HSL PUCRS - Hospital São Lucas da PUCRS (RS) — Prova 2024
Mulher, 68 anos, com diabetes mellitus tipo 2 insulino-dependente, chega à unidade de saúde ás 7h, agitada e com tremores. Refere que não vem alimentando-se adequadamente (come muito pouco), que hoje só bebeu água ao acordar e que realizou a insulina NPH da manhã. Em uso de: insulina NPH 30 UI manhã e 20 UI às 22h e insulina regular 8 UI antes do almoço. Ao exame físico: lúcida, PA 150/90 mmHg, FC 62 bpm, HGT 54 mg/dL, demais sem particularidades. Conforme os critérios da Associação Americana de Diabetes, afirma-se:I. Esse quadro clínico é classificado como hipoglicemia grave.II. Deve-se administrar 20 ml_ de glicose 50% e manter glicose intravenosa a 10% até glicemia >80mg/dL.III. A administração de insulina que provavelmente causou a hipoglicemia foi realizada às 22h. Está/Estão correta(s) apenas a(s) afirmativa(s)
Hipoglicemia < 70 mg/dL com sintomas neuroglicopênicos = hipoglicemia sintomática. NPH noturna pode causar hipoglicemia matinal.
A paciente apresenta hipoglicemia (HGT 54 mg/dL) com sintomas neuroglicopênicos (agitação, tremores), o que a classifica como hipoglicemia sintomática, mas não necessariamente grave pela definição da ADA (que exige alteração cognitiva grave ou necessidade de auxílio). A insulina NPH administrada às 22h tem um pico de ação que pode se estender até a manhã seguinte, sendo uma causa provável da hipoglicemia matinal, especialmente com jejum prolongado.
A hipoglicemia é uma complicação frequente e potencialmente grave do tratamento do diabetes, especialmente em pacientes que utilizam insulina ou sulfonilureias. É definida por níveis de glicose plasmática abaixo de 70 mg/dL e pode levar a sintomas neuroglicopênicos e autonômicos, com risco de danos neurológicos permanentes e até morte se não tratada prontamente. A fisiopatologia da hipoglicemia envolve um desequilíbrio entre a oferta de glicose e a ação da insulina ou outros hipoglicemiantes. Fatores como doses excessivas de medicação, refeições atrasadas ou insuficientes, exercícios físicos intensos e consumo de álcool podem precipitar um episódio. O diagnóstico é clínico, baseado nos sintomas e confirmado pela glicemia capilar ou plasmática. O manejo da hipoglicemia depende da gravidade e do estado de consciência do paciente. Para hipoglicemia leve a moderada em pacientes conscientes, a administração oral de carboidratos de ação rápida é a primeira linha. Em casos de hipoglicemia grave ou inconsciência, glicose intravenosa ou glucagon intramuscular/subcutâneo são indicados. A prevenção é fundamental, através da educação do paciente, ajuste das doses de medicação e monitorização regular da glicemia. Residentes devem dominar a classificação, o tratamento e a identificação das causas da hipoglicemia.

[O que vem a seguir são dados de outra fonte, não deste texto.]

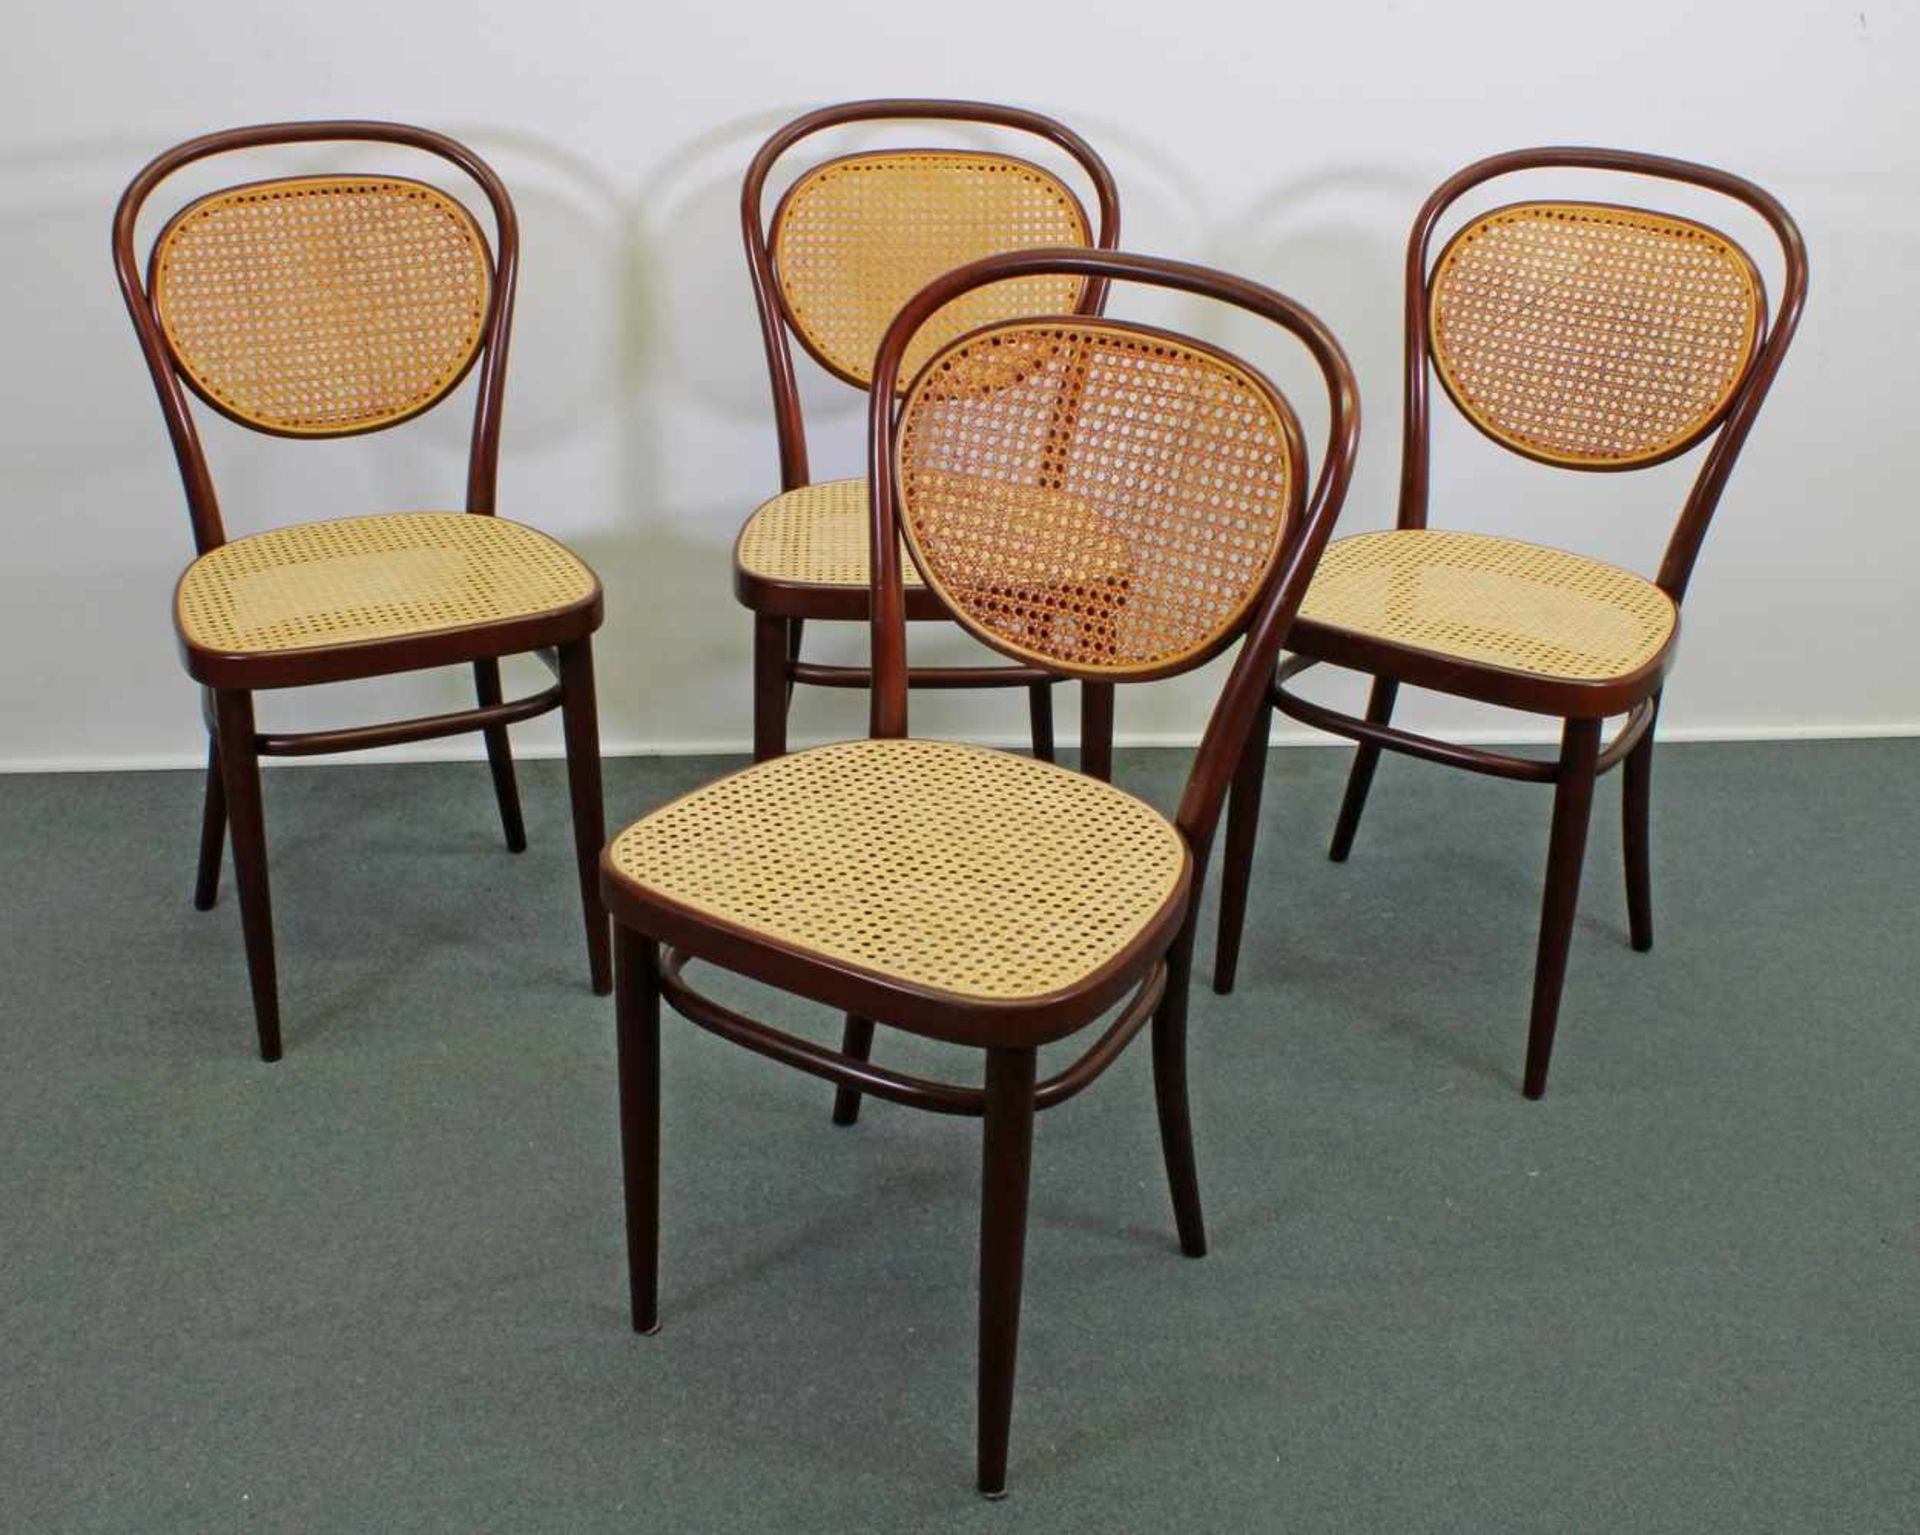 4 Kaffeehausstühle, Thonet, 1980er Jahre, Buchenbugholz, braun, Sitz und Rückenlehne mit Geflecht,

A ADA classifica a hipoglicemia em 3 níveis: Nível 1 (alerta de glicose) < 70 mg/dL; Nível 2 (hipoglicemia clinicamente significativa) < 54 mg/dL; e Nível 3 (hipoglicemia grave) que requer assistência de outra pessoa devido a comprometimento cognitivo ou físico.
A insulina NPH é uma insulina de ação intermediária, com início de ação em 1-2 horas, pico de ação entre 4-12 horas e duração de até 24 horas. A dose noturna pode causar hipoglicemia nas primeiras horas da manhã, especialmente se houver jejum ou alimentação insuficiente.
Para pacientes conscientes, a conduta inicial é a "regra dos 15": administrar 15g de carboidrato de ação rápida (ex: suco, refrigerante não diet, glicose em gel), reavaliar a glicemia em 15 minutos e repetir se necessário, até que a glicemia esteja > 70 mg/dL.